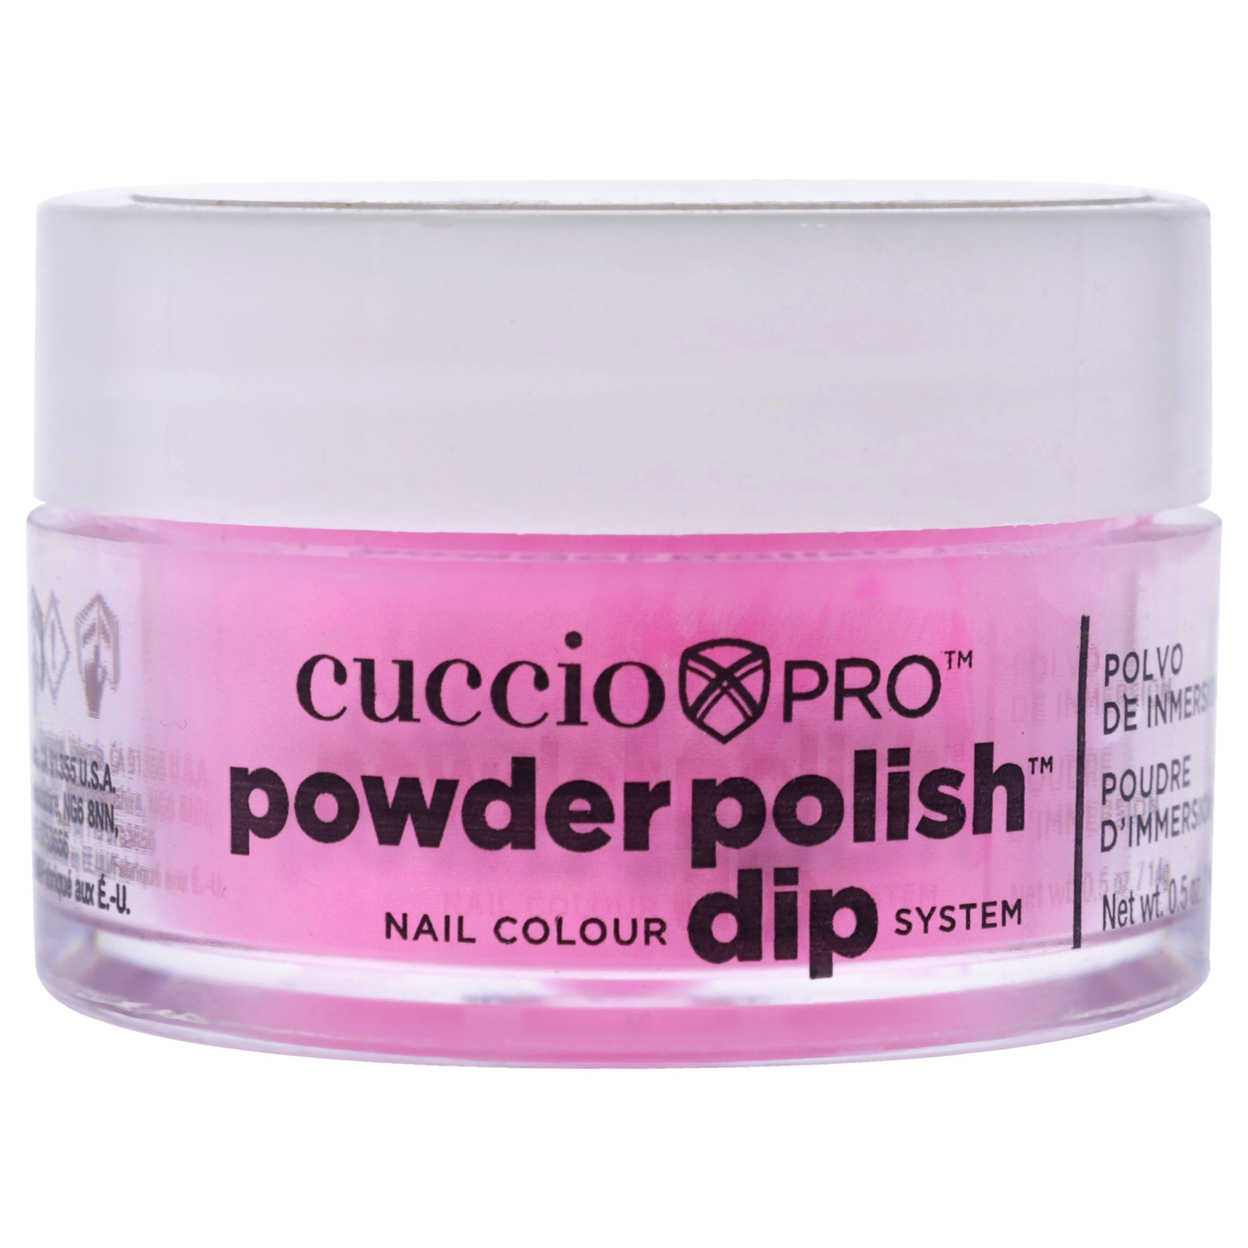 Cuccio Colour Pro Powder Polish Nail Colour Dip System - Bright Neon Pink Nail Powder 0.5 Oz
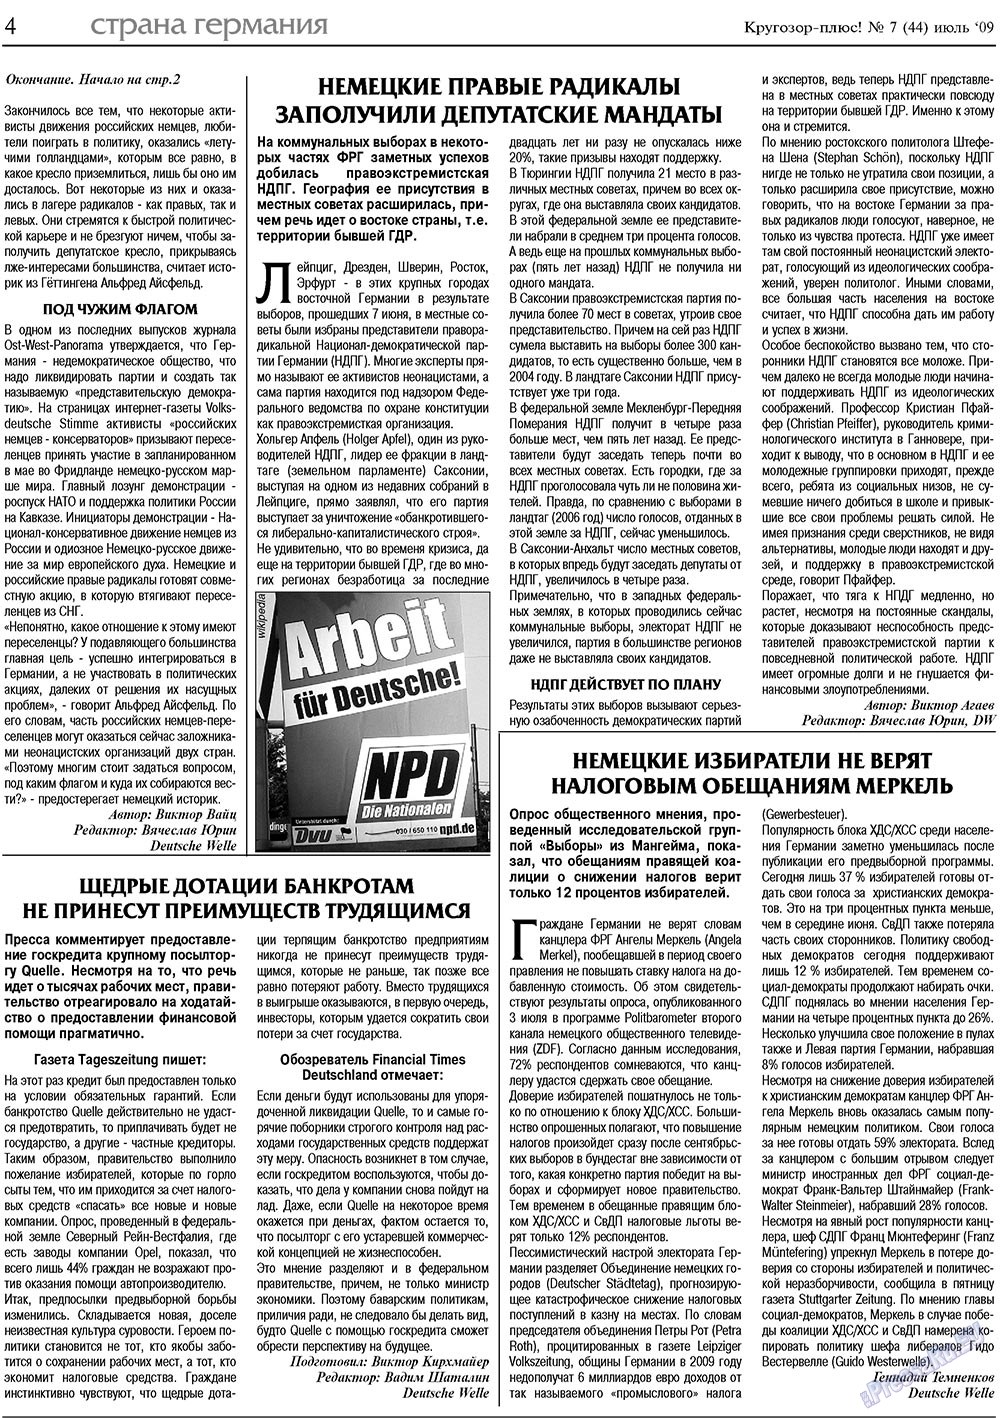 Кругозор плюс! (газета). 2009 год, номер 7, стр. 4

========

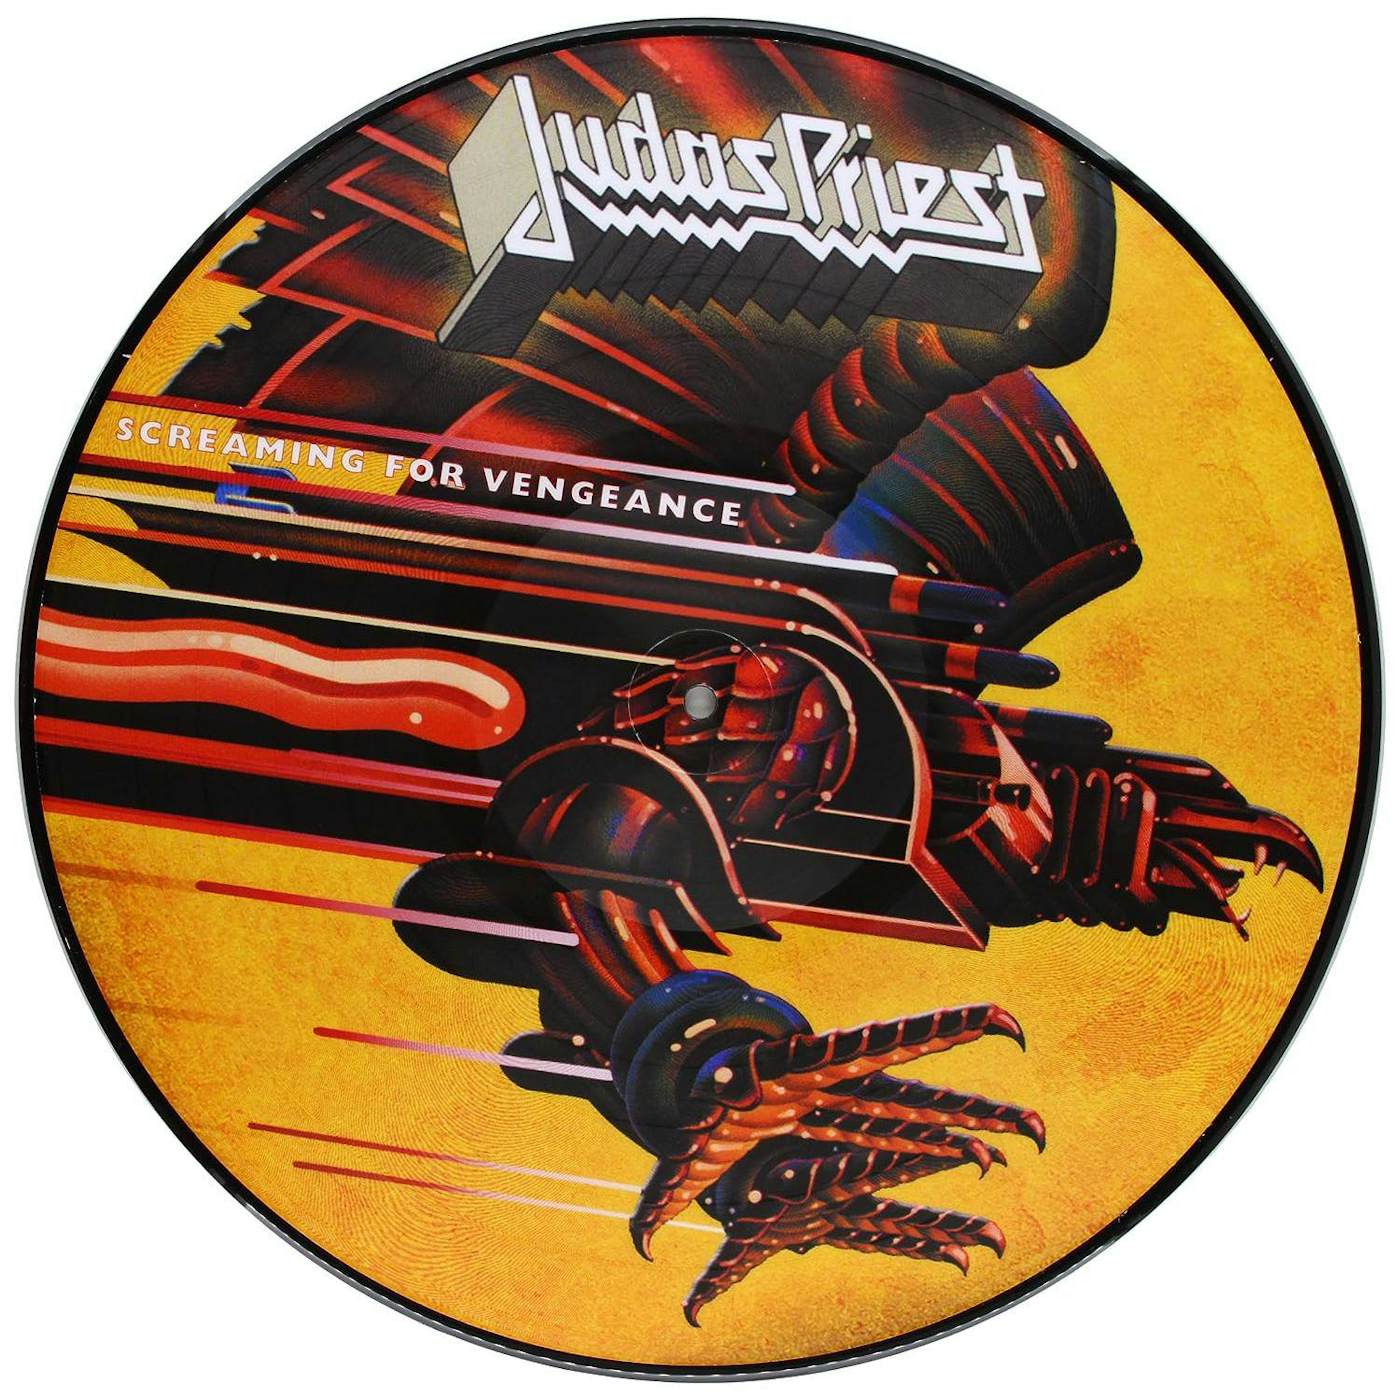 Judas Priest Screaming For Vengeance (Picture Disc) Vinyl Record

========

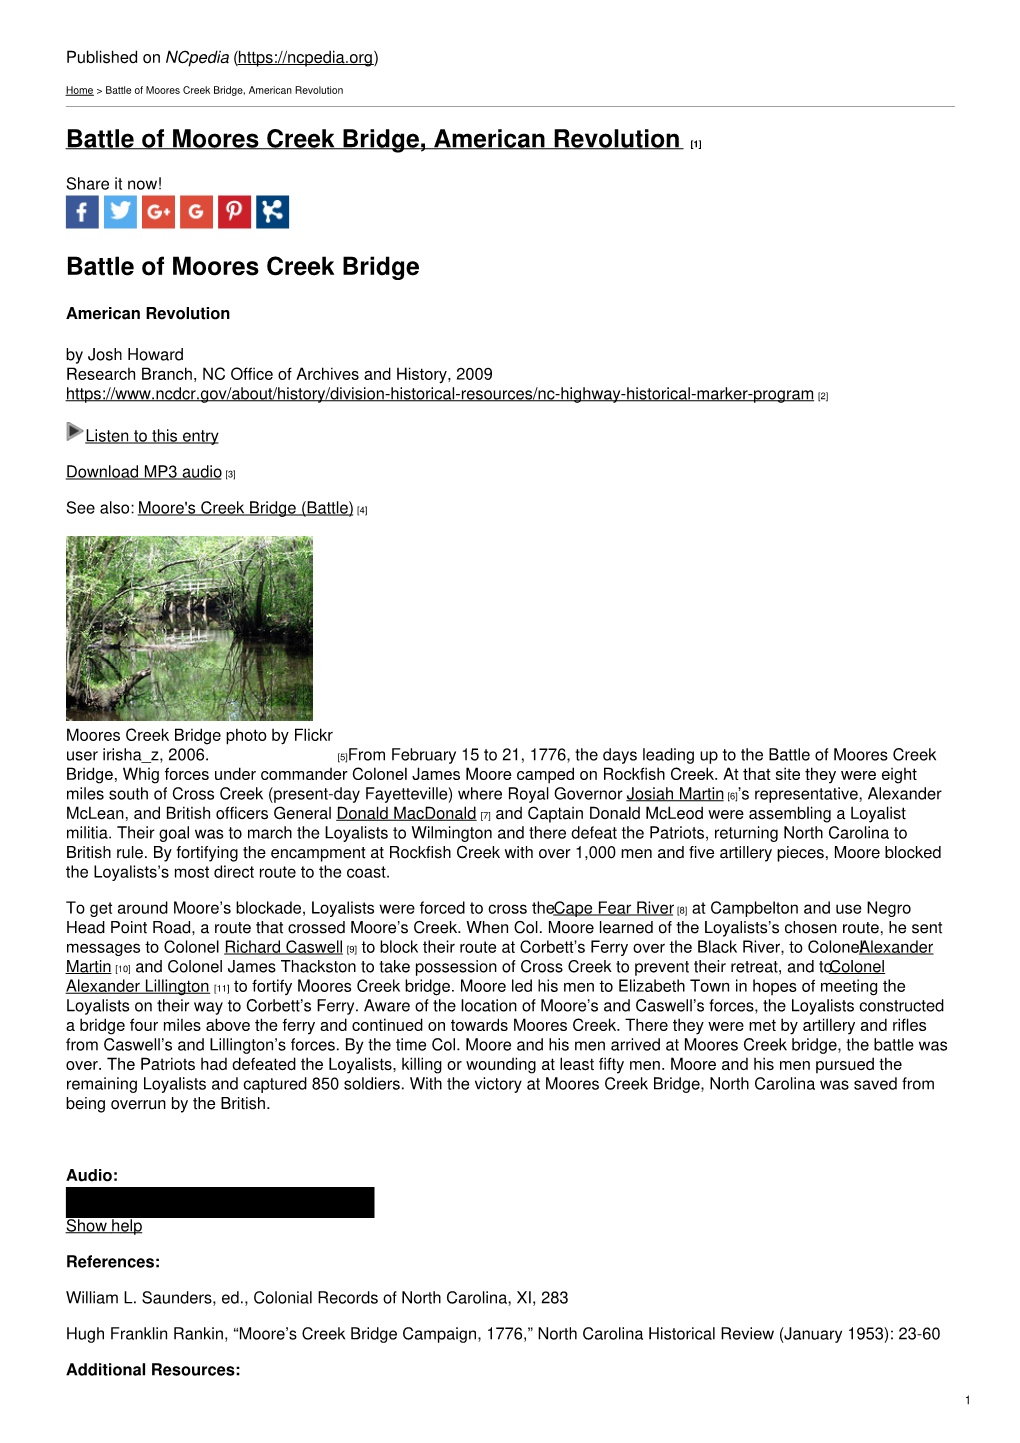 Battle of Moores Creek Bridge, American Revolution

========

→ **WHAT IS EXPECTED**:
Return the material from the line containing "Cuccio Colour Pro" through the line containing "Кругозор плюс! (газета).", exactly and in full, but without its pictures.

→ **RESULT OF THE TASK**:
 Cuccio Colour Pro Powder Polish Nail Colour Dip System - Bright Neon Pink Nail Powder 0.5 Oz
 Кругозор плюс! (газета). 2009 год, номер 7, стр. 4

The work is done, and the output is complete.